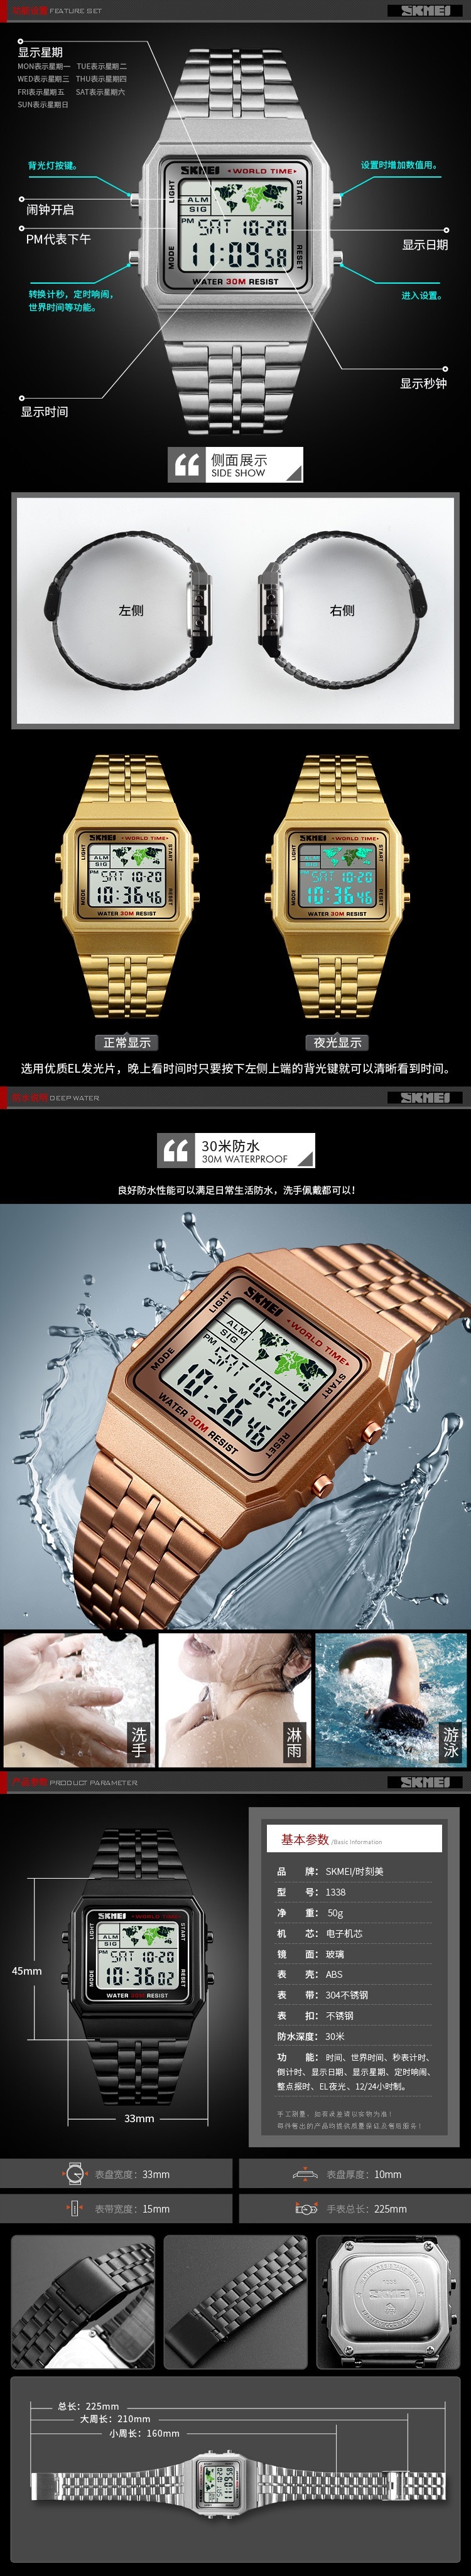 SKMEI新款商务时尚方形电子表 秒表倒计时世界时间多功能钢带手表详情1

--

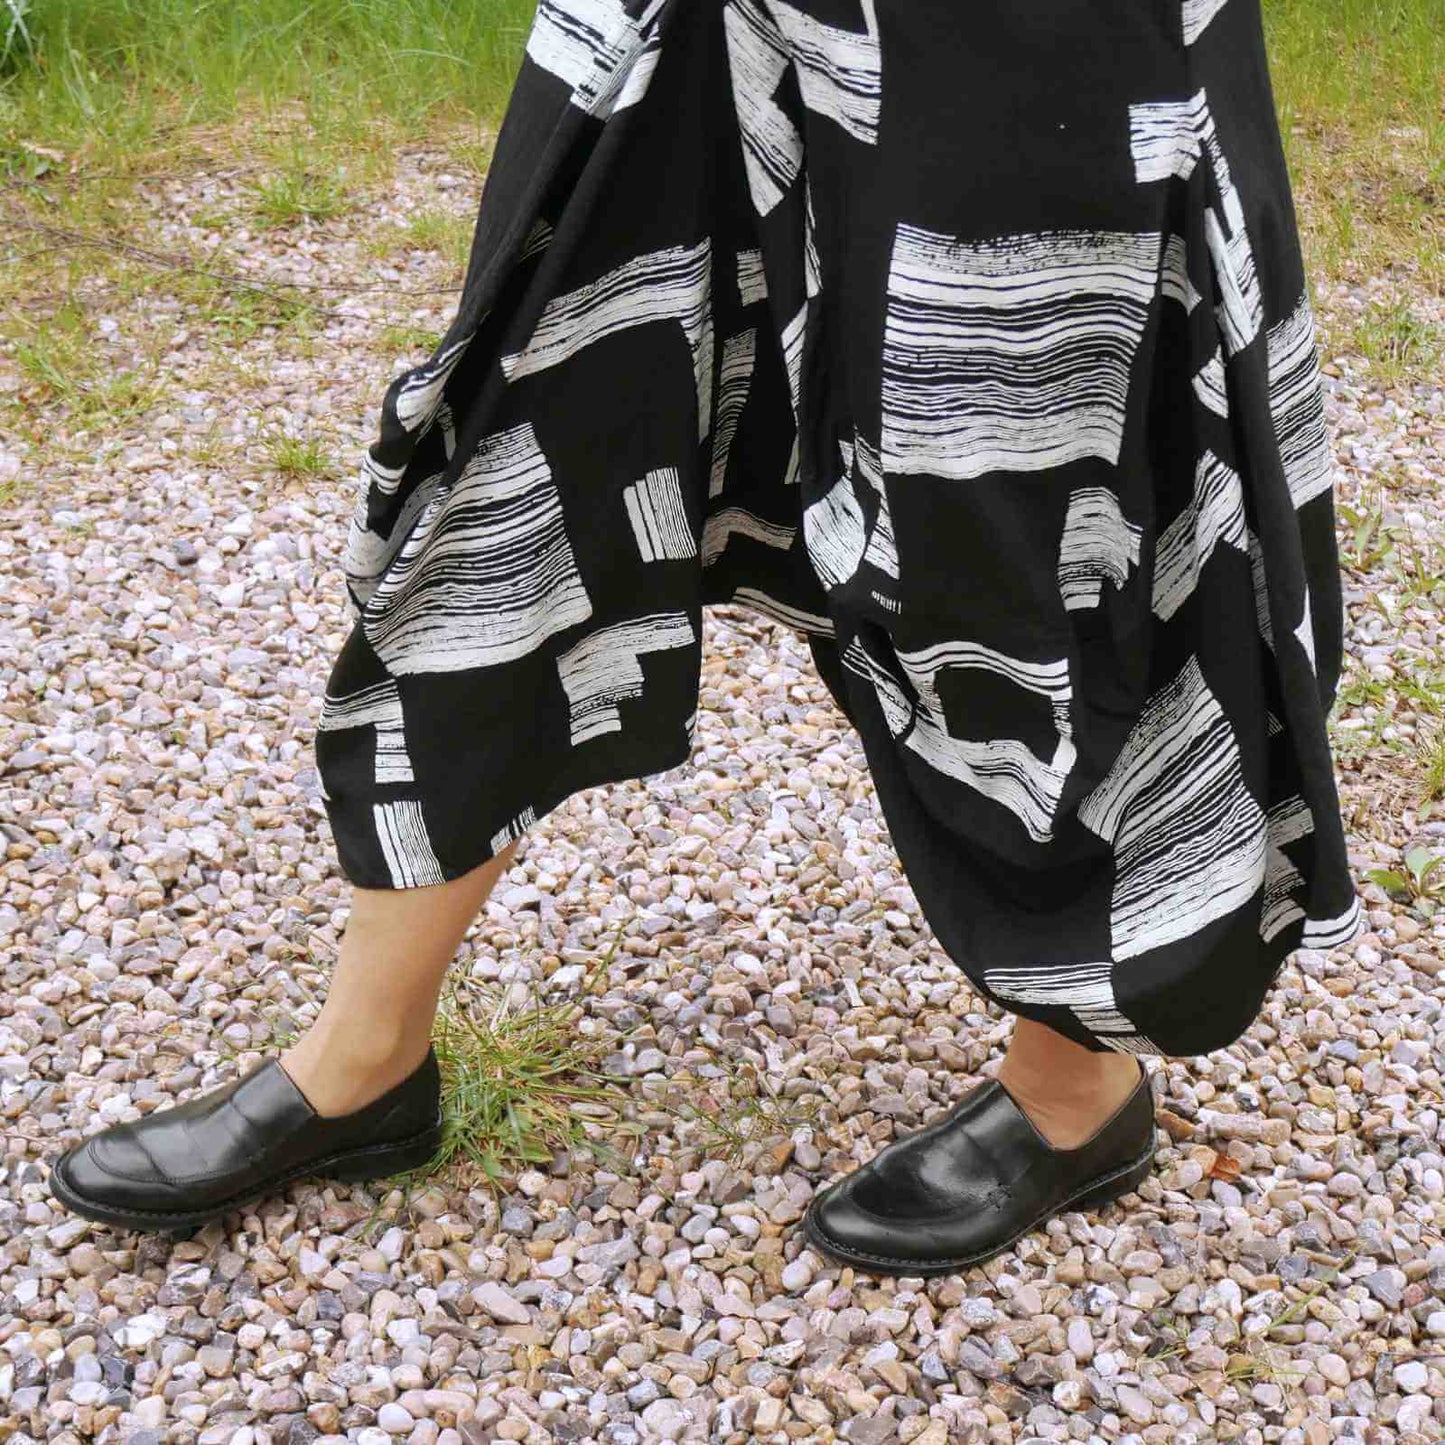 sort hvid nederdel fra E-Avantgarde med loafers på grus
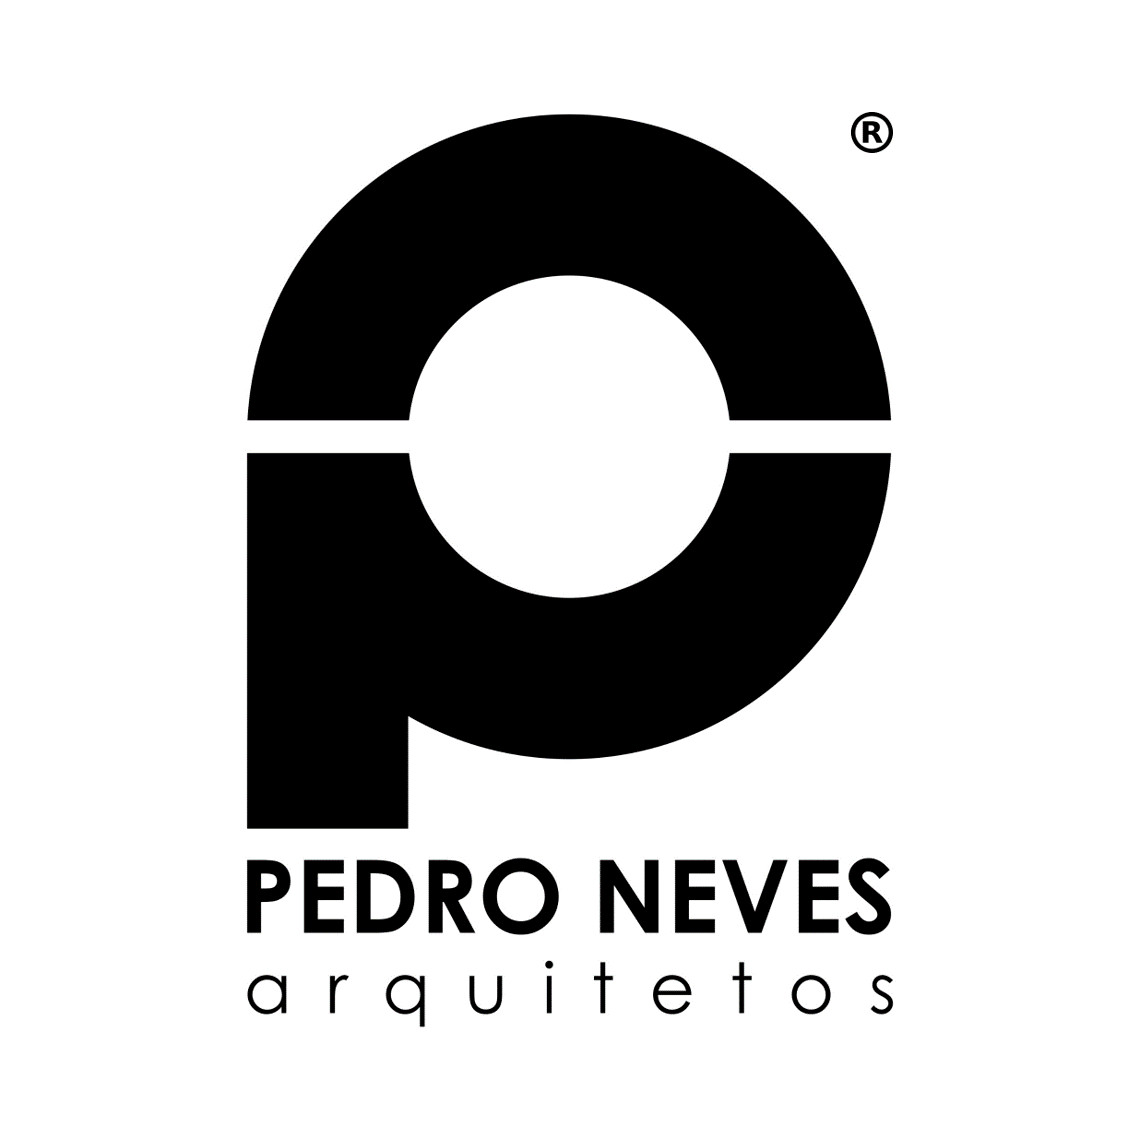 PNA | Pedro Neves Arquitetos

--

WORK INSTRUCTIONS: Return only the stretch above from the line containing "sort hvid nederdel" through the line containing "PNA | Pedro Neves Arquitetos", word for word and without pictures.

ANSWER BOX:
 sort hvid nederdel fra E-Avantgarde med loafers på grus
 PNA | Pedro Neves Arquitetos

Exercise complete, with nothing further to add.